In this work, Al-5Cu and TiC/Al-5Cu strips were fabricated by vertical-type twin-roll casting (TRC), and the effects of TiC nanoparticles on the Al-Cu strips were investigated. The minor addition of TiC nanoparticles refined the grain structure, increased the Cu concentration in the α-Al dendrites and effectively mitigated the center macro-segregation of the as-cast strip, which could be due to the heterogeneous nucleation effect and the solute diffusion control of the TiC nanoparticles. The yield strength, ultimate tensile strength, and uniform elongation of the as-cast, as well as T6 treated Al-5Cu strip with the addition of TiC nanoparticles were simultaneously improved owing to fewer residual Cu-rich phases, refined θ′ precipitates, and finer grain structure. This work provided a strategy for the effective control of macro-segregation and producing high-formability alloy strips by the TRC process.

Introduction

Twin-roll strip casting (TRC) is supposed to make a profound impact on the automotive manufacturing owing to its increased cost-effectiveness, energy efficiency and environmental sustainability, as compared to conventional direct-chill and hot/cold rolling processes (Zapuskalov, 2003). So far, most mass-produced aluminum sheets fabricated by TRC are limited to the low- and medium-strength alloy systems with low contents of alloying elements. Recently, the burgeoning requirements of practical high-strength aluminum sheets for industrial manufacturing have led to development on the preparation of aluminum products with high contents of alloying elements, such as the 2xxx and 7xxx series. However, Birol (2009) and Kim et al. (2018) found that depending on alloy types and casting conditions, various segregation-related defects (mainly center macro-segregation) can form in the TRC process, particularly in a high solute alloy with a wide freezing range. These defects are generally harmful to mechanical properties, resulting in reduced strength and ductility. Hence, it is of great significance to well control the macro-segregation in the TRC process.

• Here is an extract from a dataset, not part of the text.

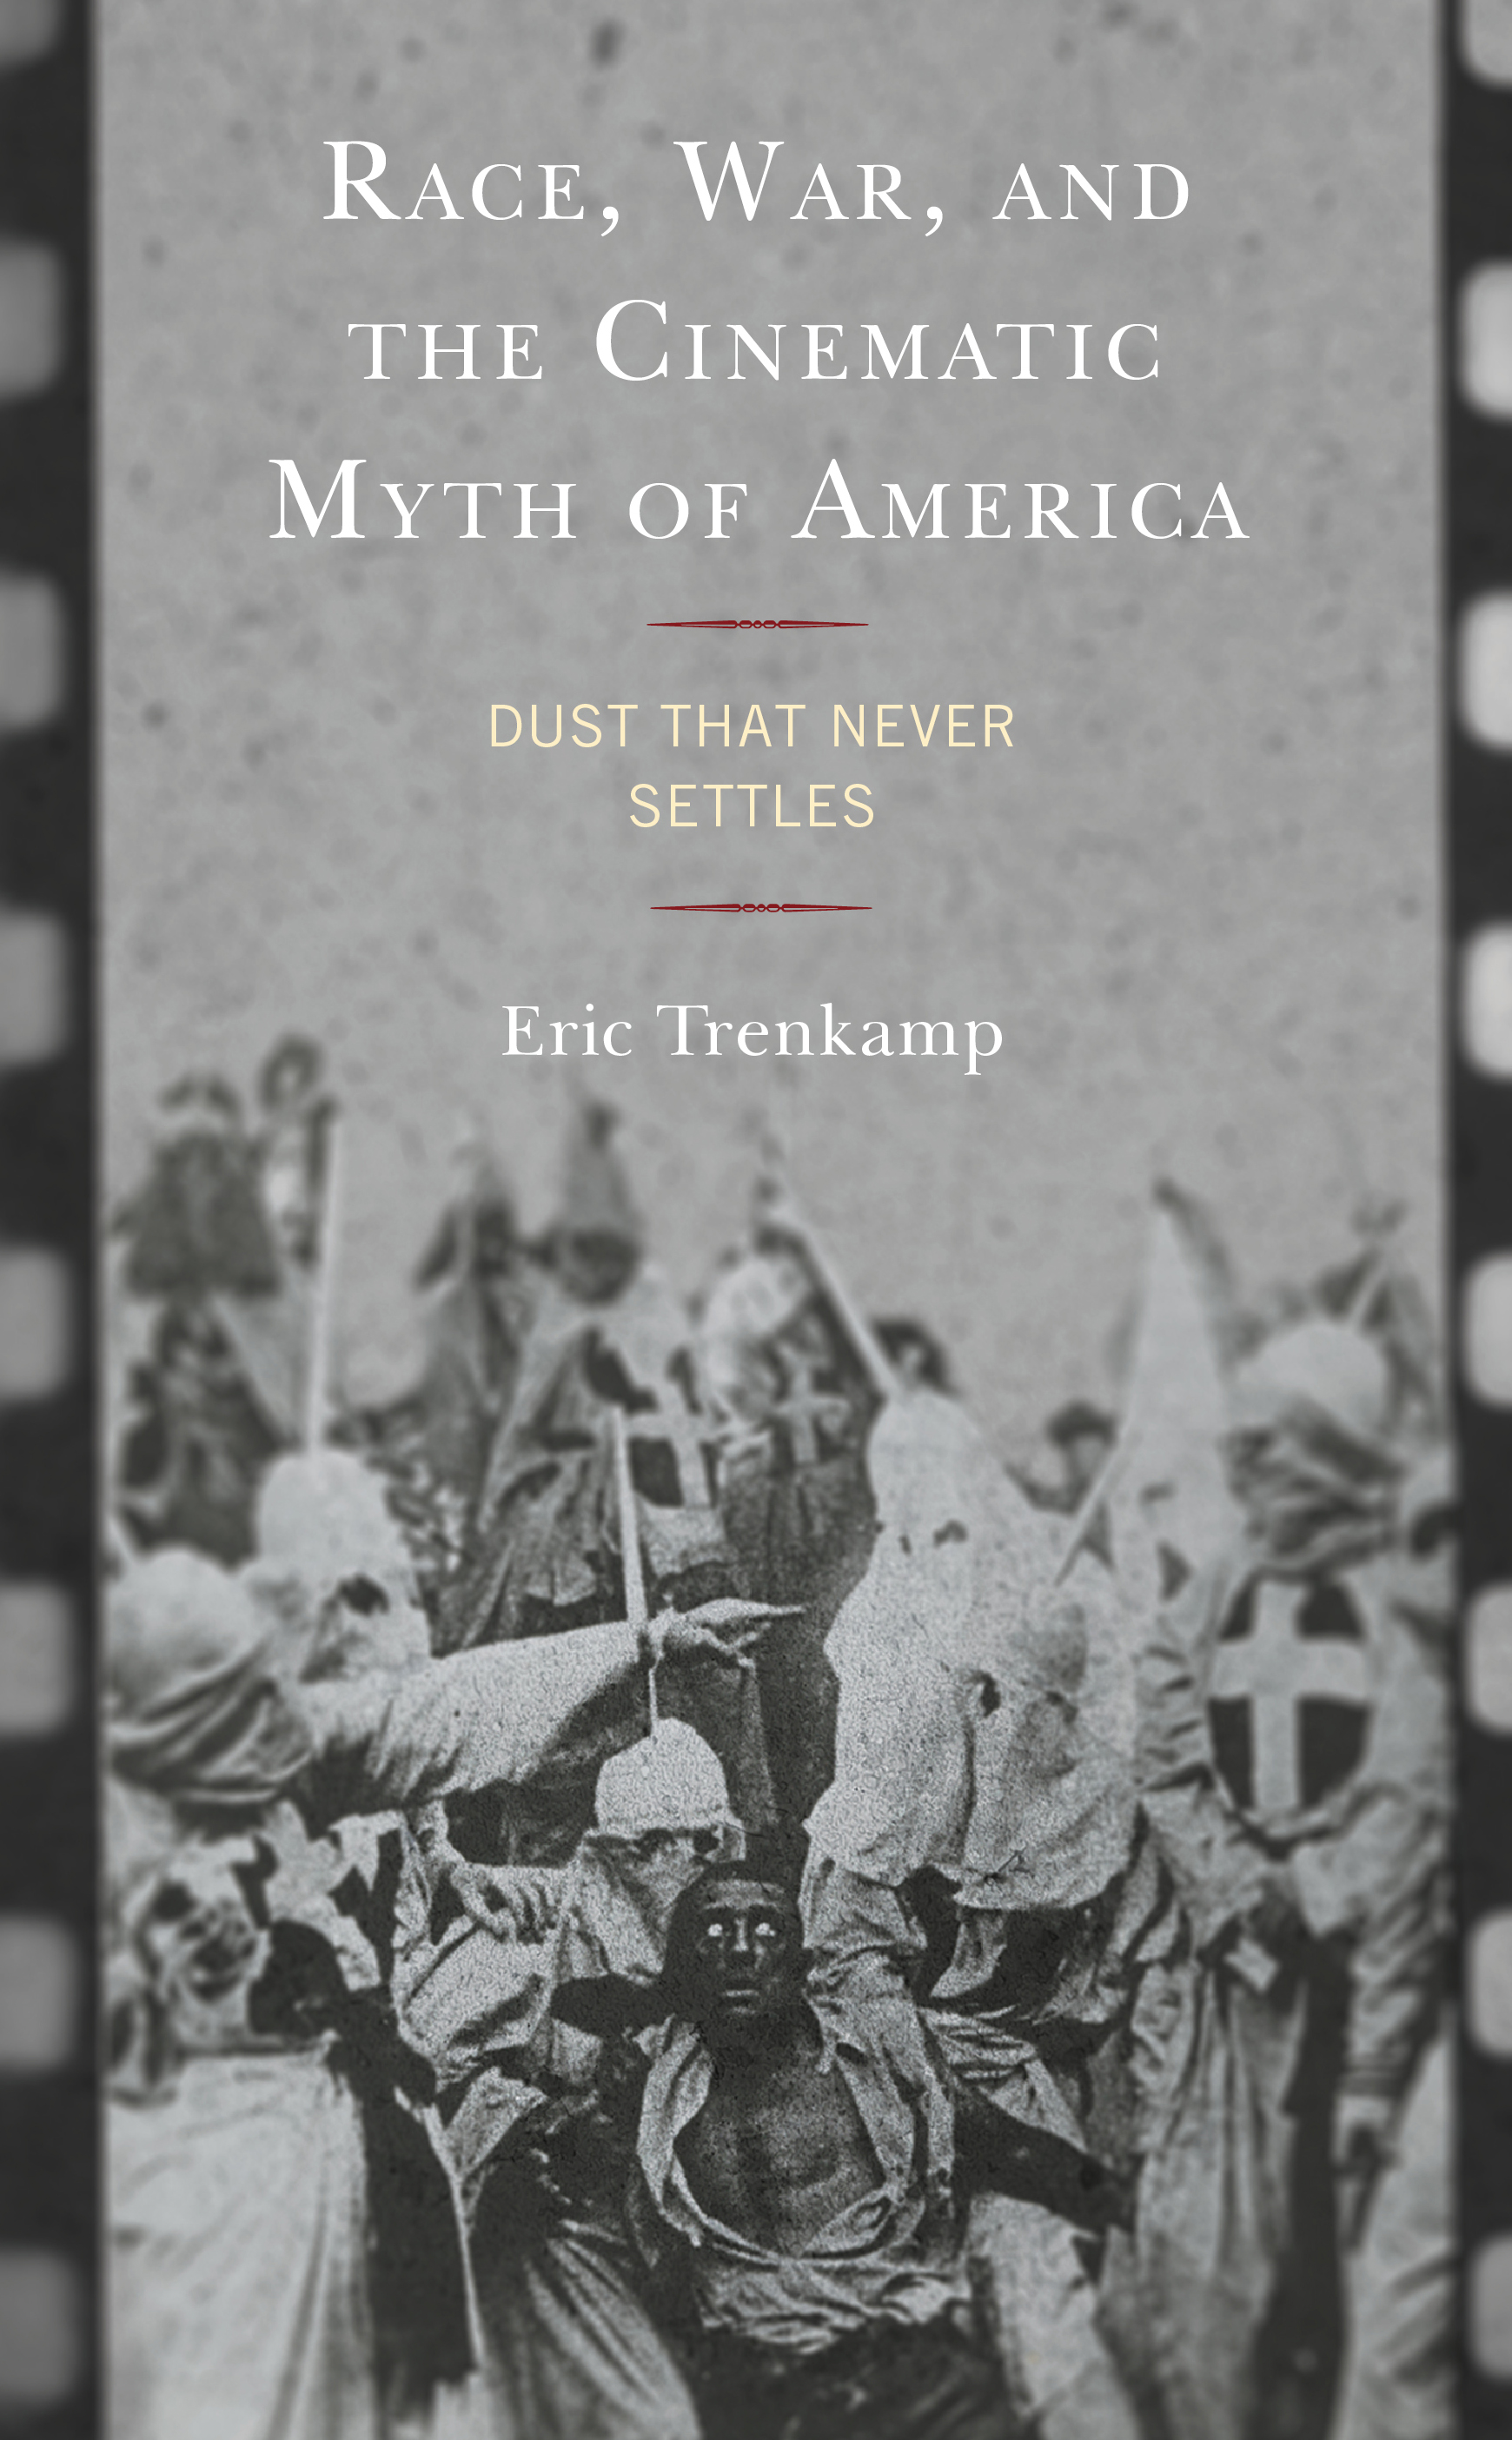 Race, War, and the Cinematic Myth of America: Dust That Never Settles

Various methods have been essayed to alleviate the macro-segregation in the TRC process. Chen et al. (2017) and Rodrigues et al. (2020) have reported that the optimization of casting parameters (rolling speed, heat transfer coefficient, roll gap, etc.) might control the macro-segregation for a specific alloy, but the optimization is time-consuming. Besides, external physical fields including pulse electric current field (Sun et al., 2017), oscillating field (Su et al., 2014a, 2014b), electro and static magnetic field (Li et al., 2019), etc., have been applied to the TRC process. The applied external physical fields were more or less effective in reducing the macro-segregation in alloys with a low content of alloying elements through the called electromagnetic braking effect, the shock wave effect, and forced oscillation effect, but they made the TRC process more complex and costly. In the case of high solute aluminum alloys like 7075 Al alloy sheets (Su et al., 2014a,b), the macro-segregation remained after applying external physical fields. Generally, the amount of center macro-segregation rises with the increased alloying content. Hence, it requires economical and feasible methods to solve this problem in high solute alloy systems.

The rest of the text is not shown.